What you need to do => A verbatim transcript of the data that follows, free of images, is the expected result.

*** Records for processing Section Begins ***

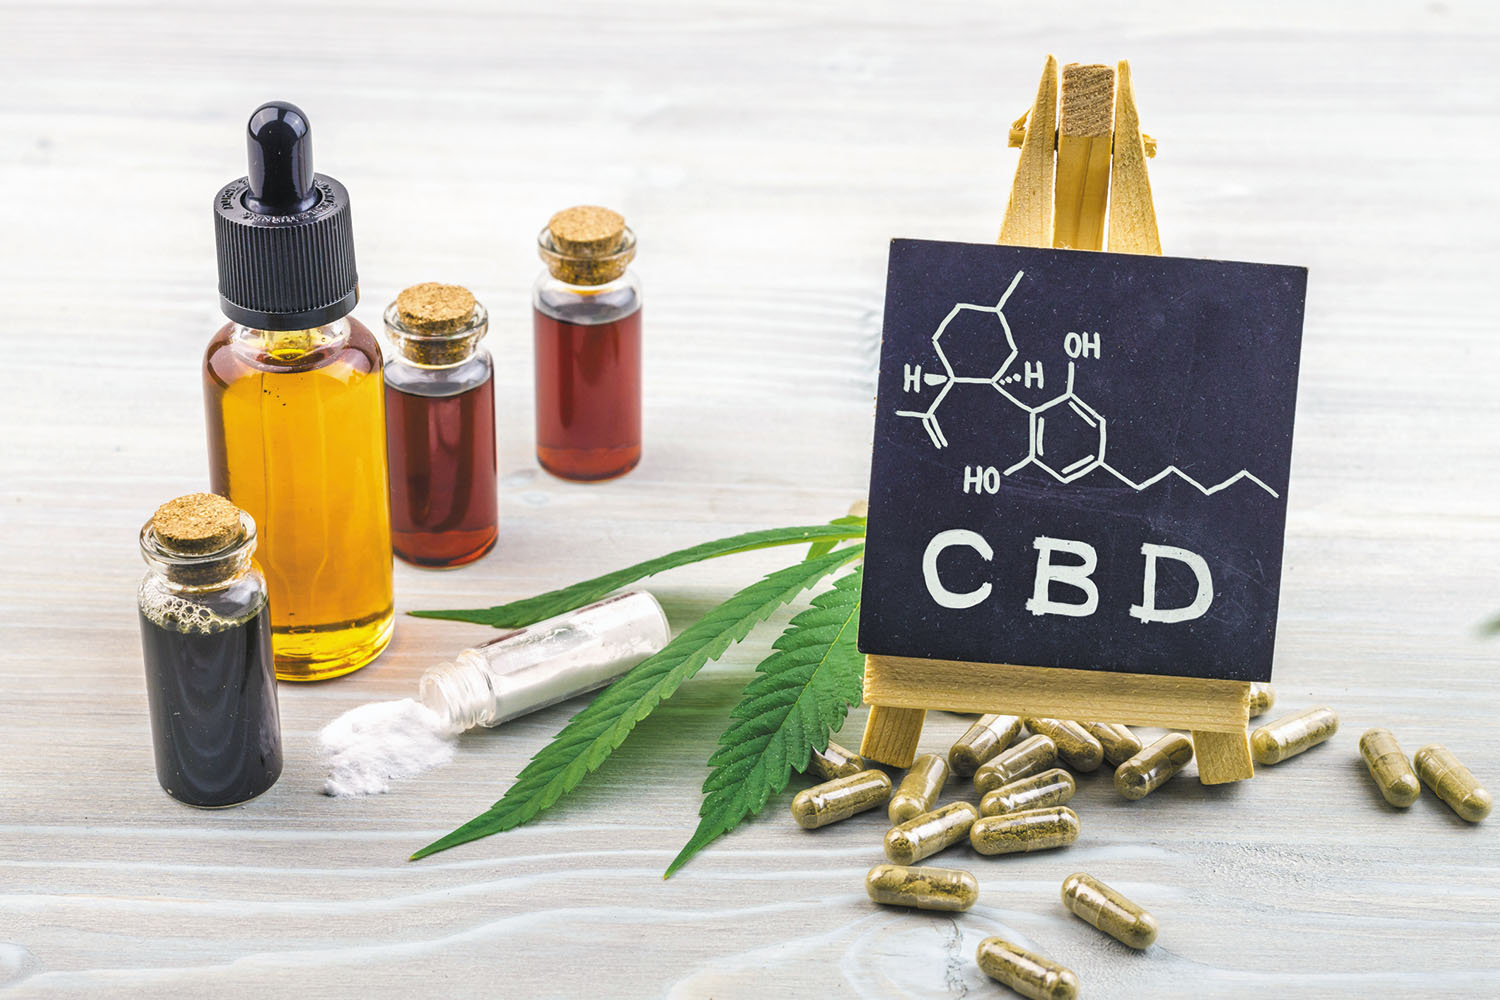 Medications Should Not be Taken With CBD
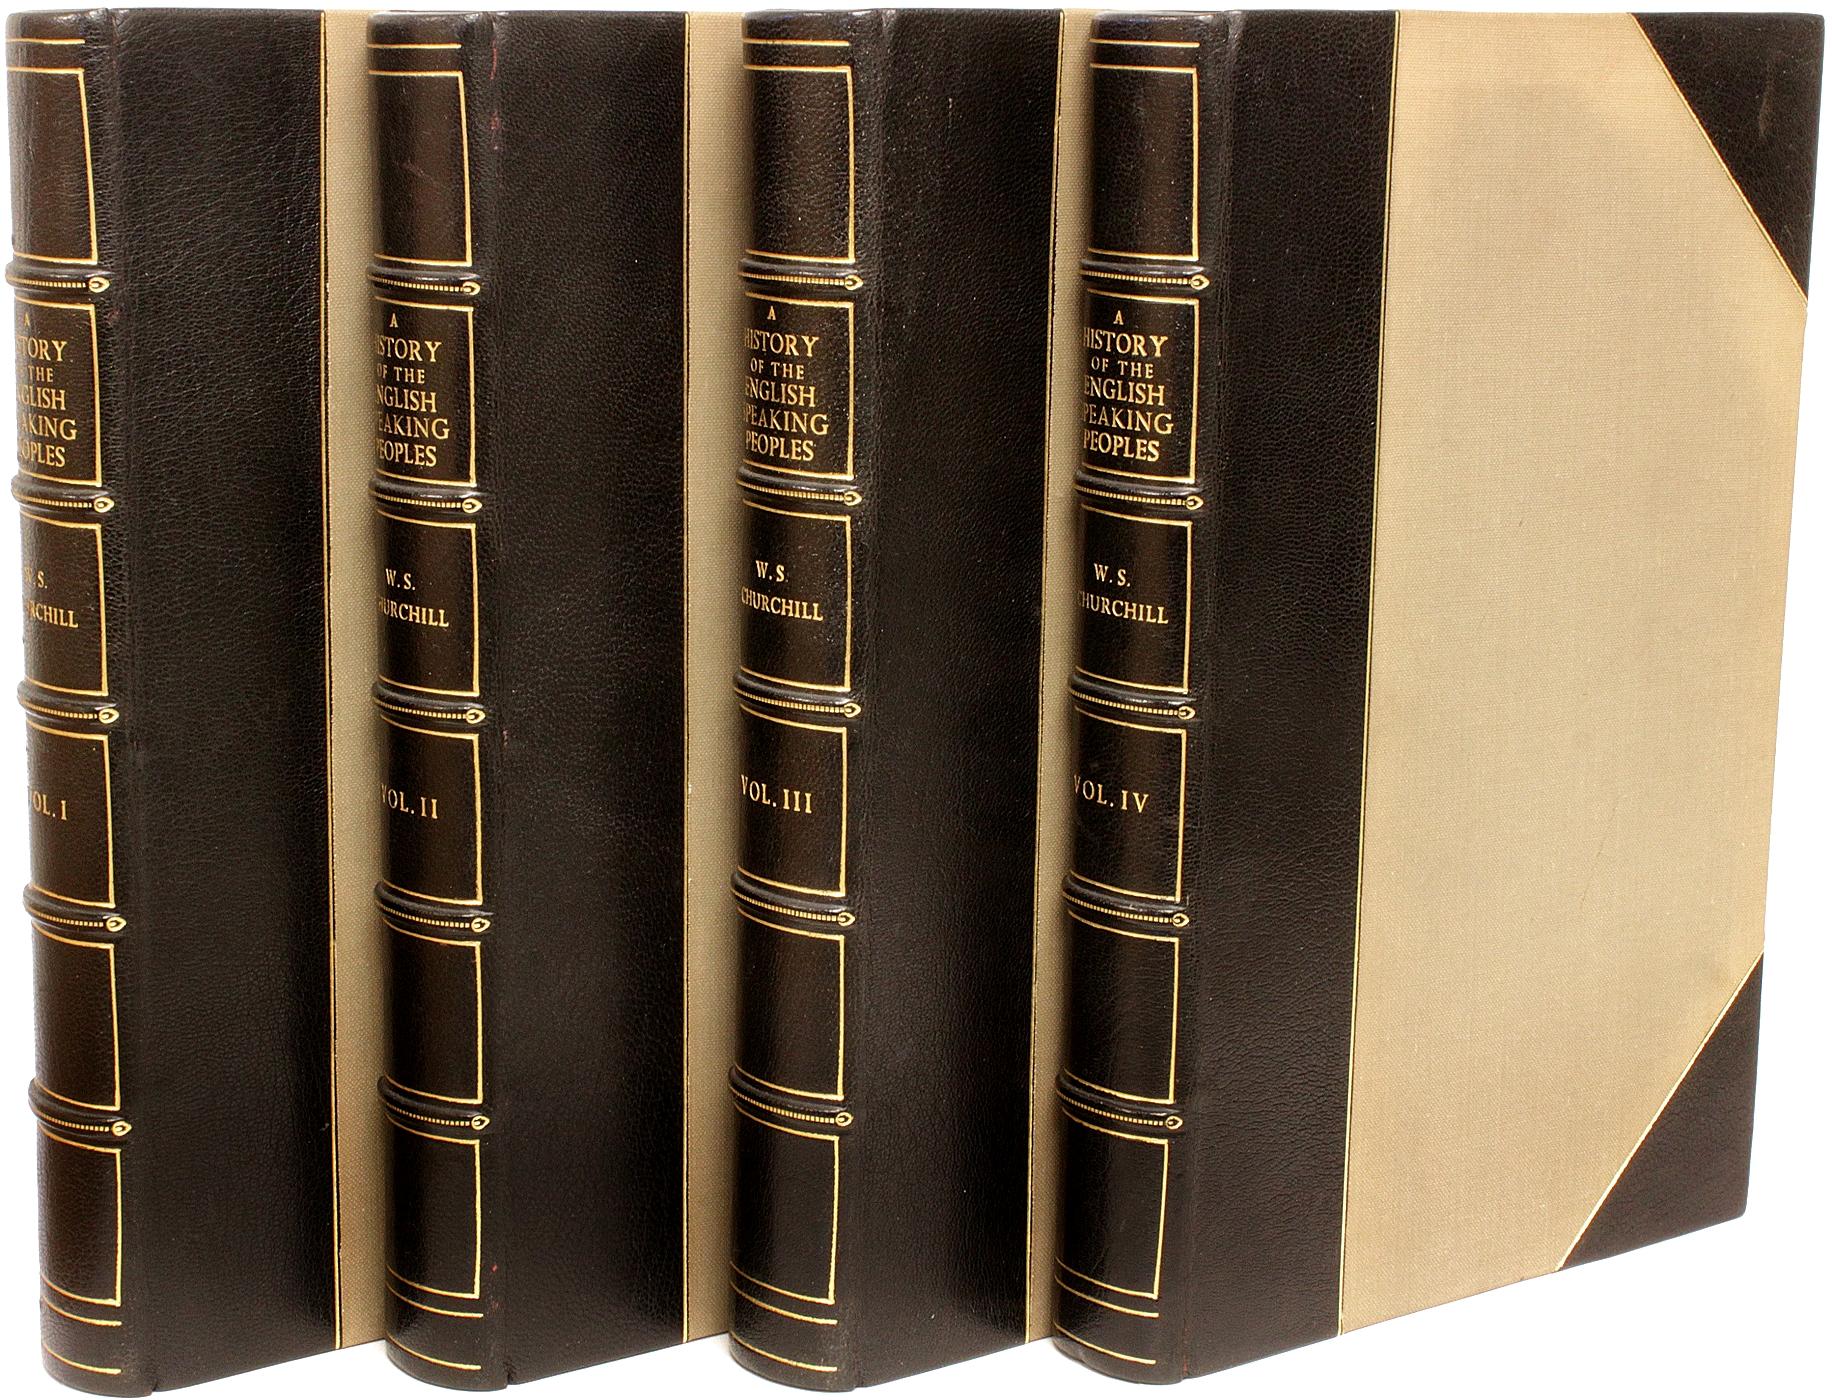 AUTHOR: CHURCHILL, Winston S.

TITLE: A History of The English-Speaking Peoples.

PUBLISHER: London: Cassell and Co, Ltd., 1956-8.

DESCRIPTION: ALL FIRST LONDON EDITIONS. 4 volumes, 9-9/16
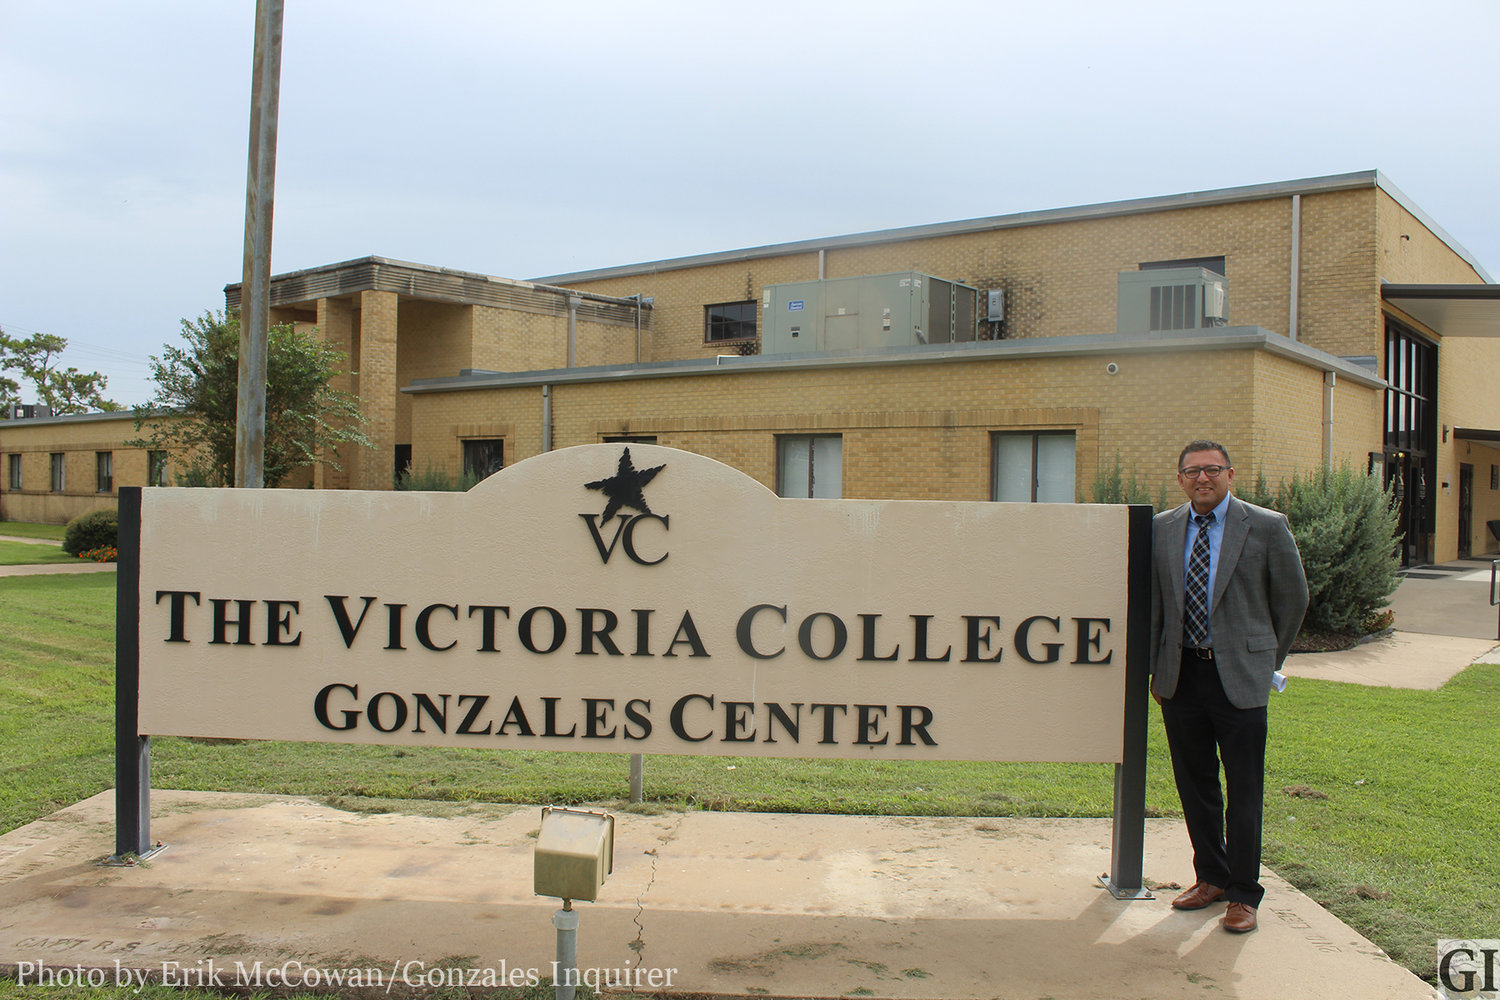 Since 2007, Victoria College’s presence in Gonzales has helped many citizens and area businesses. Manager Vince Ortiz stands proudly in front of the Gonzales Center marker on Monday afternoon.

*** Records for processing Section Ends ***

Answer to this exercise =>
 Medications Should Not be Taken With CBD
 AUTHOR: CHURCHILL, Winston S.

TITLE: A History of The English-Speaking Peoples.

PUBLISHER: London: Cassell and Co, Ltd., 1956-8.

DESCRIPTION: ALL FIRST LONDON EDITIONS. 4 volumes, 9-9/16
 Since 2007, Victoria College’s presence in Gonzales has helped many citizens and area businesses. Manager Vince Ortiz stands proudly in front of the Gonzales Center marker on Monday afternoon.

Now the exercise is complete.